Okay, so my teacher gave us this to solve: $$a + b/c = 2$$
In this equation he explained that there were many ways to do it. However, we were told to do it with at least two negative numbers. I was a bit stuck at this one, however, more than a couple of students in my class had figured it out anyway.
So one of the solutions to this problem was to do $ -1 -1/-1 = 2$ ( $-$ & $+$ becomes $-$ and then $-$ & $-$ becomes $+$). (Of course assigning $a$, $b$ and $c$ $-1$ as a value). Another solution was to do for example $-5 + 1/-2$ ($a=-5$ $b=1$ & $c=-2$ and the $- / -$ is $+$).
However, there was still something that didn't seem right, although I could see the logic of how these made the answer. But then I realized what was bugging me. The order of operations, which states that you always should do multiplication and division before addition and subtraction (which is something these equations do not follow). So I raised my hand and asked the teacher about this, and he just told me that this wasn't the case for these kind of math problems.
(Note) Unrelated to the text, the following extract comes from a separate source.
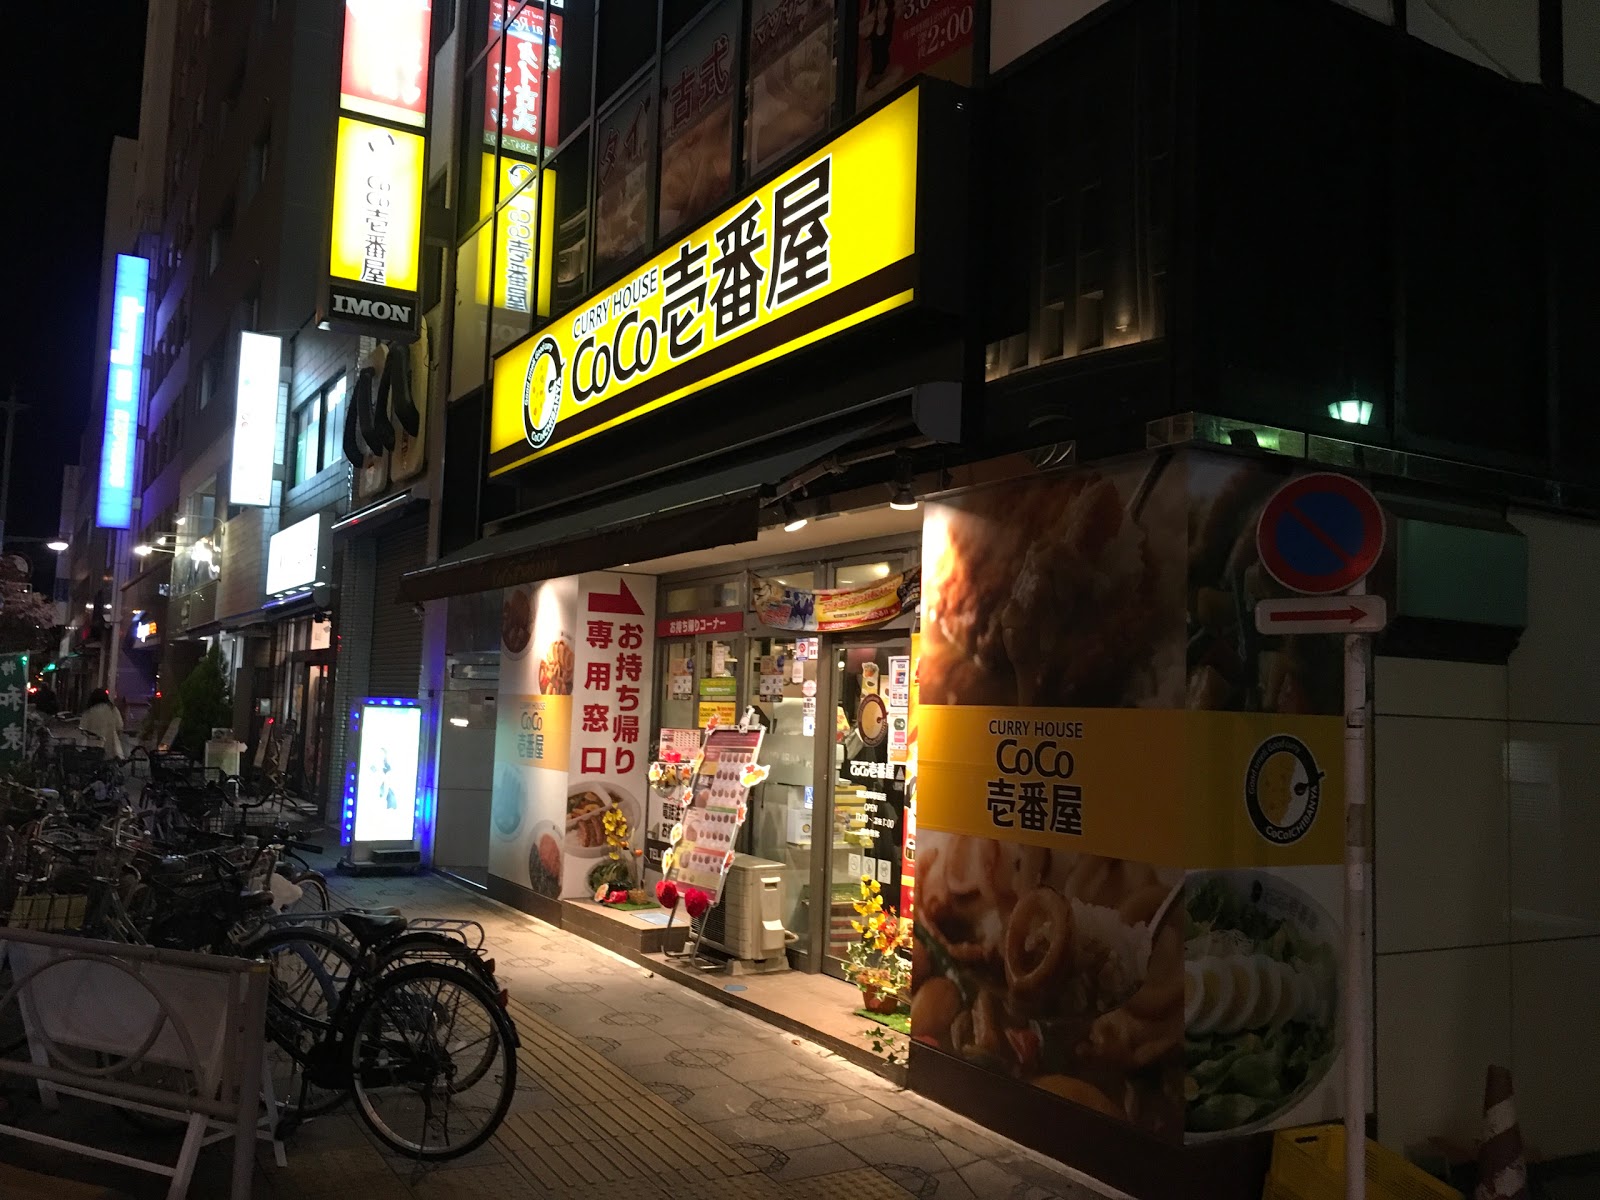 カレーハウス CoCo壱番屋 東武浅草駅前店のイメージ

He also told me that he had no logical answer to why it wasn't. However, I also asked another (outside) person about this (whom is exeptionally good at math), and she told me that it didn't matter if it was letters (algebra) or just normal numbers, the order of operations would still have to be used. In which case what I learned in class is wrong. So my question is, what is right and what is wrong? And also why?
If anyone could help med with this it'd be awesome! Kind regards ~